Many ISPs, small and medium enterprises (SMEs) and universities are becoming acutely aware of the problems associated with spam emanating from within their networks. Just about anyone who manages on-premise email services understands the necessity of filtering inbound email to remove spam and other annoying or harmful content.
Outbound mail is another animal, and easily overlooked by many organizations –until it bites. All it takes is a single virus outbreak on your network or compromised email account. Even a few hours of worth of spam egress can add up to days or weeks of damage control for smaller organizations.
If your early warning system consists of a sudden influx of abuse reports, or discovery of an abnormal number of destination mail servers suddenly rejecting your mail, you’ll soon find yourself engaged in the unpleasant task of de-listing your MTAs from a litany of independently controlled blacklists, each with different and sometimes complex removal requirements. Adding insult to the injury of your now tarnished reputation are the headaches and confusion users suffer when their mail is unexpectedly delayed or outright discarded.
But before you can even begin to unknot the problems caused by an outbound spam leak, you first need to identify the source of the breach. This is not often an easy or a straightforward process. Should another wave of spam emanate from your infrastructure, many blacklist operators will be less forgiving the second time around.
Hijacking Methods Abound
There are many ways spammers can hijack an organization to perform their dirty work. For example, targeted attacks like spear phishing, commonly directed at universities, ISPs and ESPs can net a surprisingly high response rate. This gives spammers a foothold into the network where they can then authenticate as legitimate users.
Other methods involve compromised machines infected with Trojans and in some cases, spam can be sent unchecked through corporate borders simply because the traffic originates from a workstation turned zombie inside the DMZ.
Naive Assumptions About Inbound Solutions
The outbound spam problem differs considerably from inbound spam. But many people, IT staff included, are unaware of the challenges of stopping outbound spam even if they are well versed in techniques that prevent inbound spam. A common, yet naïve assumption that simply reversing an inbound solution will suffice for filtering the outbound stream can quickly lead to unhappy users; the problem is not symmetric.
Look at it this way: For inbound mail, almost every connection made to your filter is a spammer, but for outbound, almost every connection is legitimate. This asymmetry is an important observation because many of the assumptions about inbound mail filtering don’t apply to outbound filtering.

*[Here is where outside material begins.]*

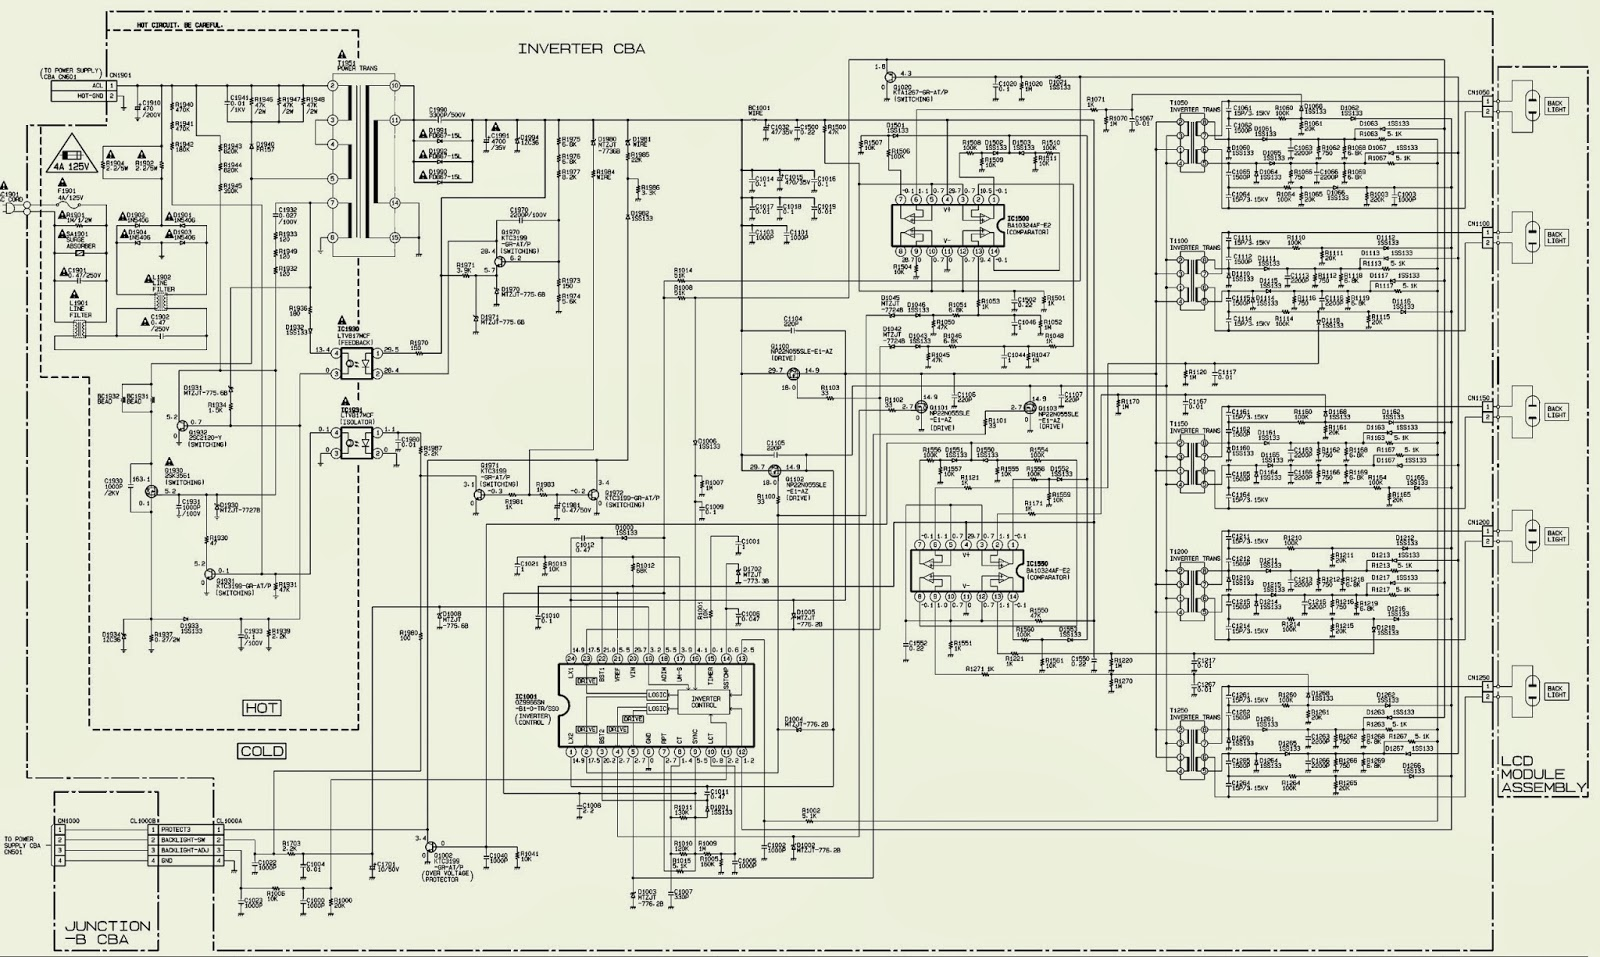 Wiring Diagram Inverter Toshiba : Toshiba inverter connection diagram free engine

In fact, gray listing (in-session defenses), IP/sender reputation (RBLs, black/white lists), and knowledge of valid recipients are the primary front-line defenses utilized by nearly all inbound spam filters. Yet these make less sense and are less effective, and can even cause problems for legitimate mail when applied to the outbound stream.
Not being able to rely on these mainstay techniques to remove the bulk of outbound spam requires fresh thinking on how to distinguish good messages from bad. What is needed is behavioral modeling, accurate content filtering and sensible application of throttling mechanisms, and a healthy dose of security awareness.

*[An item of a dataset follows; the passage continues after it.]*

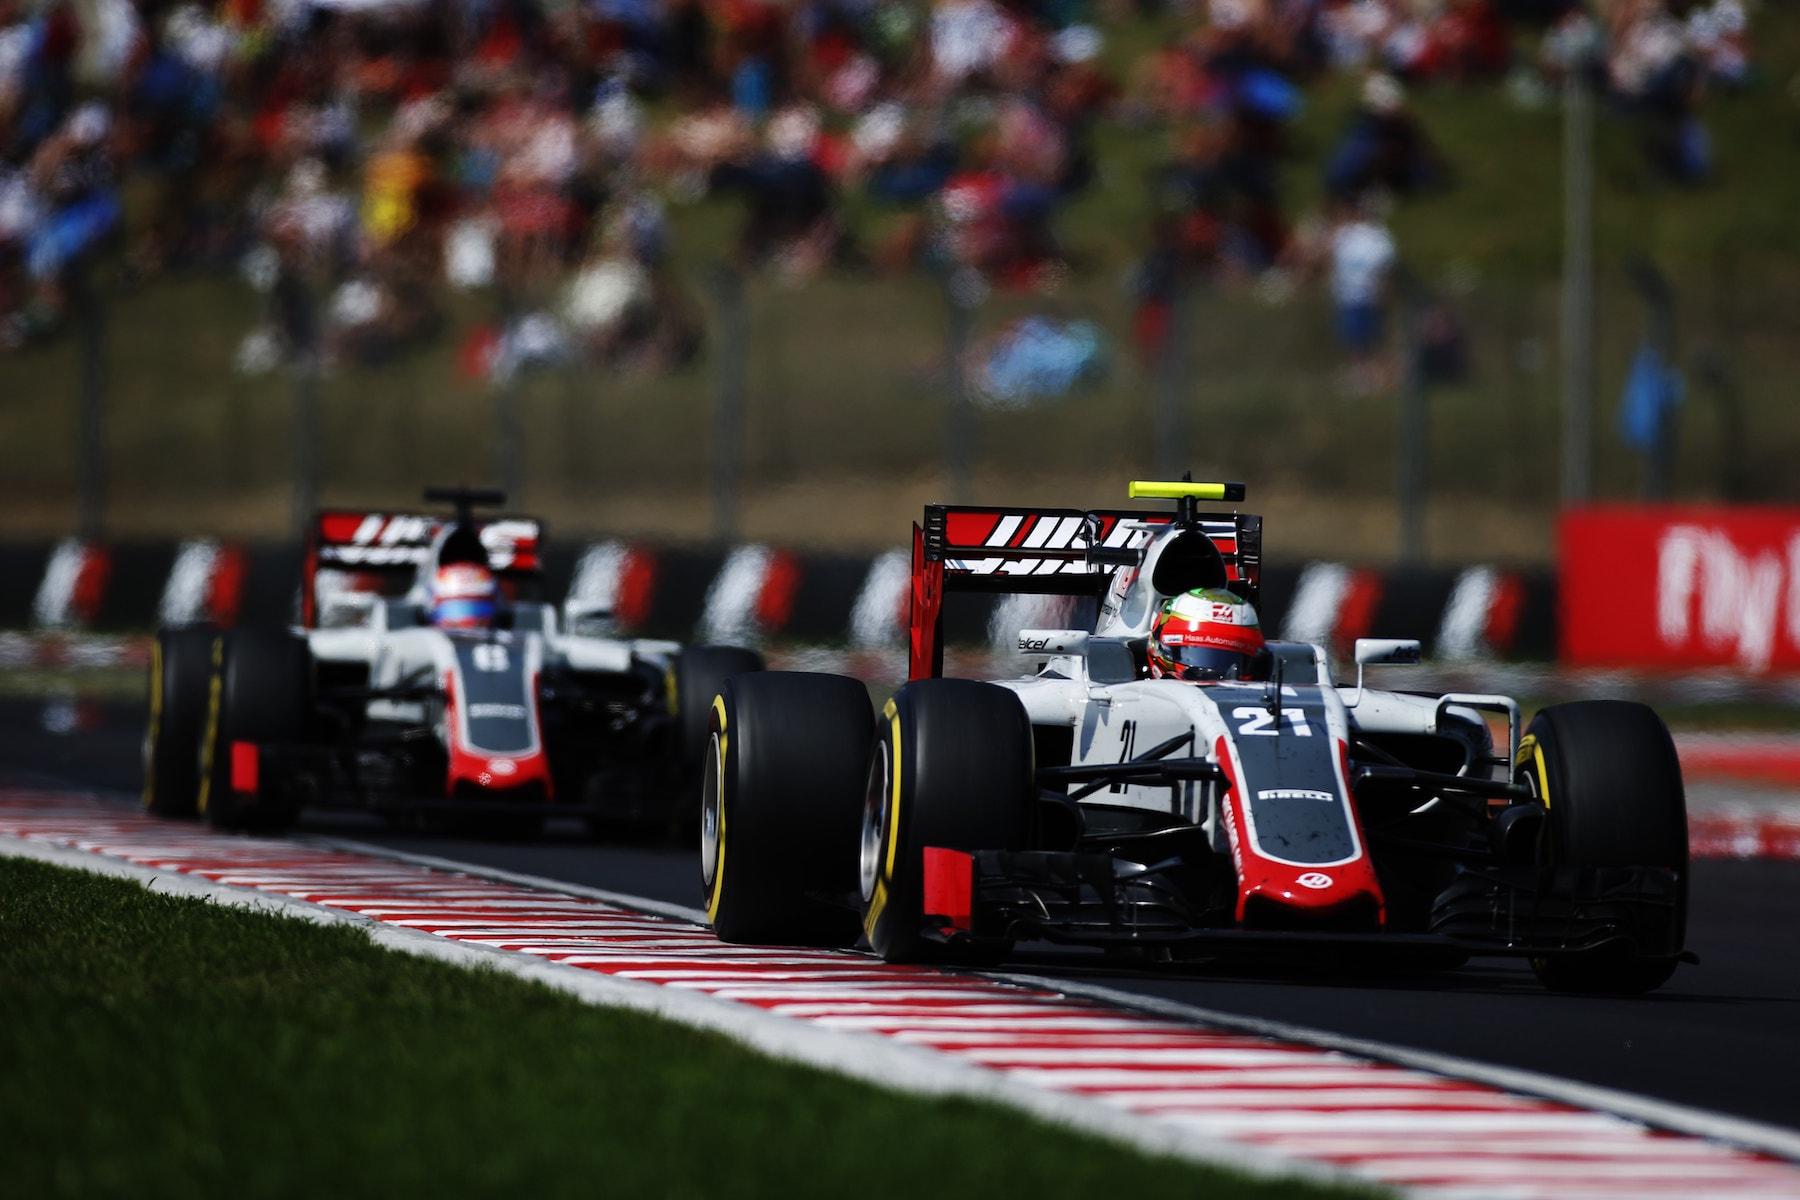 Salracing | Esteban Gutierrez | Haas F1 Team

Frustrating Game of Whack-a-Mole
Deliverability is always a concern for spammers, and so is the overhead incurred from blasting out their messages. ISPs are a great target because their reputation can be hijacked, resulting in less delays and increased success in message acceptance at the destination. ISPs with poor outbound protection are also much less likely to even notice an outbound spam problem until the damage is already done.
As for SMEs and universities, they often don’t have the staff required to ensure their systems are secure, or to track down the source of a breach once it has occurred. The task of identifying compromised accounts can become a frustrating game of whack-a-mole while the scammers are busy leveraging the institution’s computational horse-power and bandwidth for their own ends.